We are not about to degenerate into the 17th Century state of anarchy, of a human condition that the Philosopher Thomas Hobbes characterised as nasty and brutish. Humanity today is certainly less bellicose and blood-thirsty than it was during the first half of the 20th Century that was marked by barbaric wars, colonialism, Nazism, and Fascism.
Today it is just that the incidents of intimidation, bullying, and threats of violence have become more magnified than the era when social media did not exist, but that does not mean quantitatively, and qualitatively human society has become more violent than it ever was. Foul odours and disfigured images tend to be more offensive and linger in the senses more than beautiful forms. We tend notice ugly and anti-social forms of behavior than those that reflect our better nature such as for example empathy, altruism, and good deeds, and as a result we don’t nature these qualities as much as we should do.
Steven Pinker points out in his work, The Better Angels of Our Nature, that human beings have over time become tamer than violent, that the urge for peaceful co-existence trumps the impulse for discord. He argues that human beings “come equipped with motives that can orient them away from violence and toward cooperation and altruism”. Empathy, self-control, moral sense, and reason are some of the qualities that Pinker underlines as defining the essence of our being. Yet we tend to feed the negative by giving perverse behaviours more attention than they deserve.

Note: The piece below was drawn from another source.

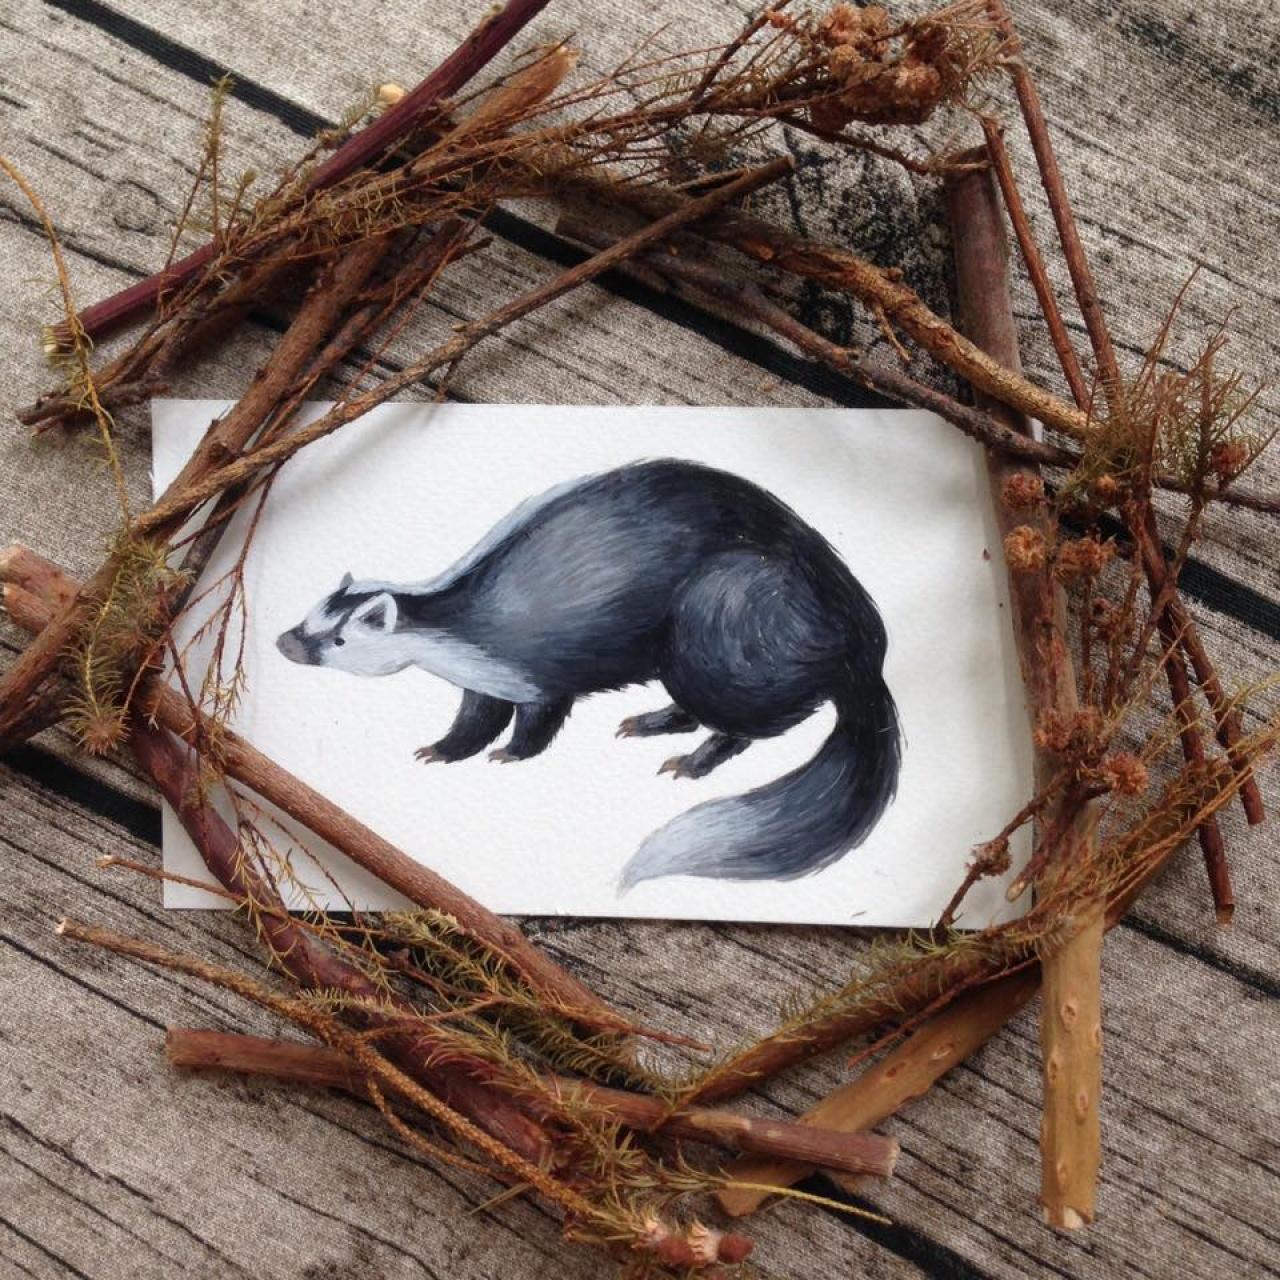 「香港也有很多野生動物,我把本地有的野生哺乳類也畫了一遍。」(受訪者提供)

This is also due to the fact that voices of those that are driven by the impulses of anger, hatred, and violence are pushing themselves to the center stage like a serpent that has come to pervert the better angels of our nature, twisting discourse to suit their parochial interests, and intimidating those that have different political views or social outlook that is different from theirs. If we fail to stand our ground and offer a better counter-narrative to these negative forces, we will run the risk of enabling them to determine the course of our conversations and the character of our vocabulary and our culture.

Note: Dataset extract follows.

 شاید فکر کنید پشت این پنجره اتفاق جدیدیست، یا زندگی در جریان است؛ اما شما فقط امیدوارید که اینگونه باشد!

What are the conditions that might have given rise to the attack on civility in social media? In a sense the magnified elements that use digital platforms to intimidate are oftentimes expressing their deep insecurities and impoverished consciousness and sense of responsibility. There are, no doubt, those who are genuinely angry about unfavourable social and economic realities; those who feel left behind; or those who are suffering under the weight of personal crises of one sort or another.

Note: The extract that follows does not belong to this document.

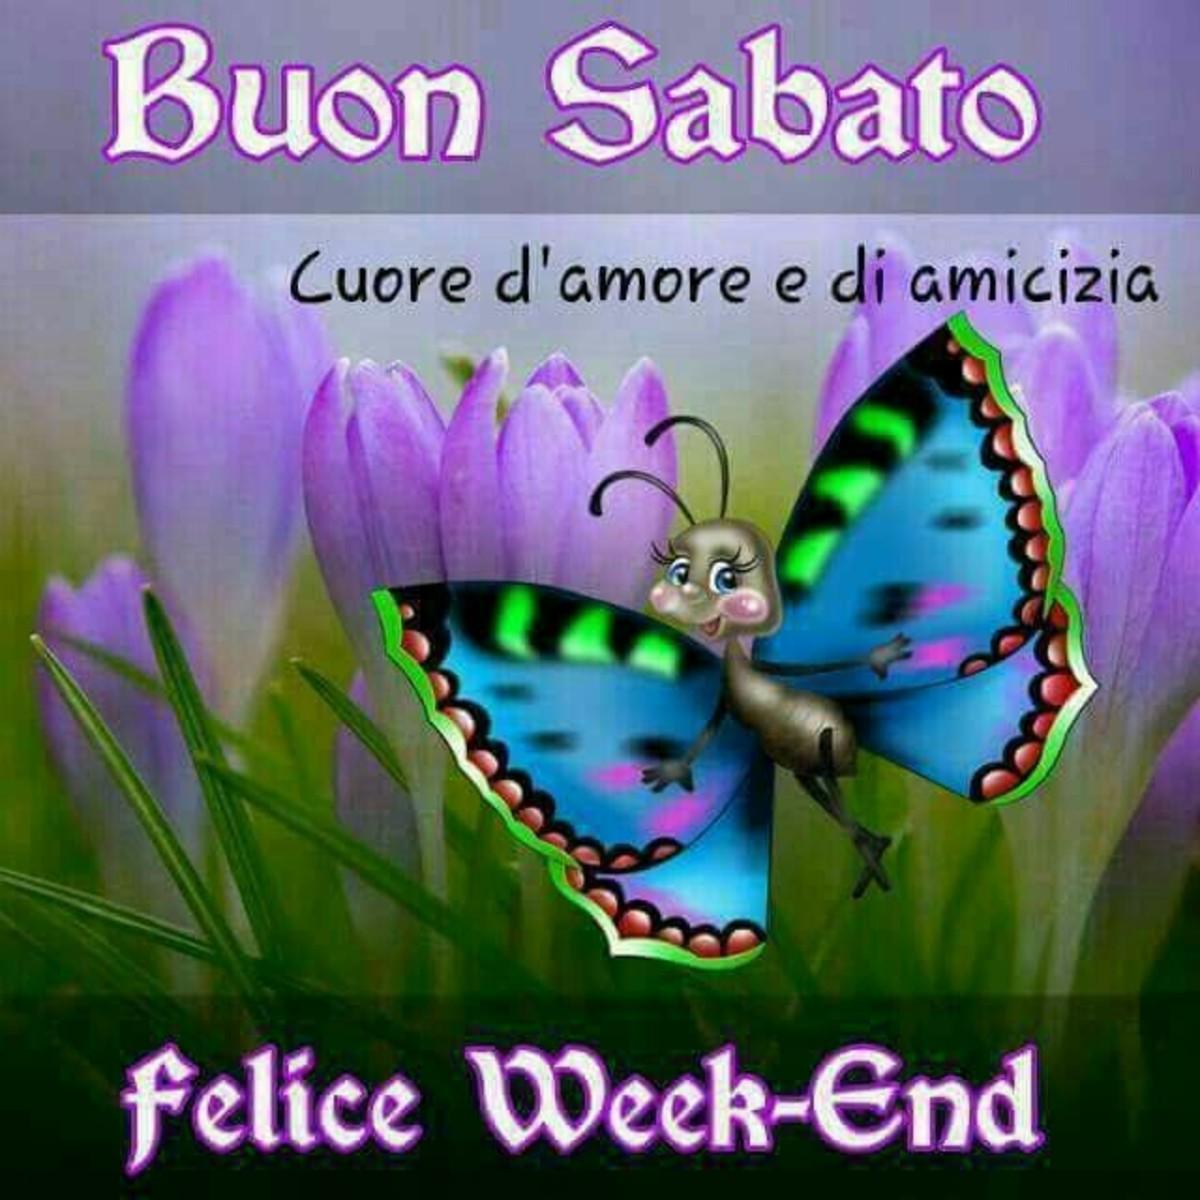 Buon Sabato, Felice Week-End

My podcast host, Zibi, offered that it helps when people get out of social media and engage with social realities, and realise their sense of purpose out there where real change is needed. My own observation is that those who tend to be engaged in social causes, and who participate in transformative social networks that are driven by a sense of mission tend to be less obsessed with themselves. Rather, they are more inclined to use social media to generate productive conversations. Social media can be a powerful force for good; and it is too precious to abandon to those who seek to spread hatred in the world and throttle the better angels in us. It will be a mistake to abandon this platform; before we know it, we will have no sacred space to defend in society.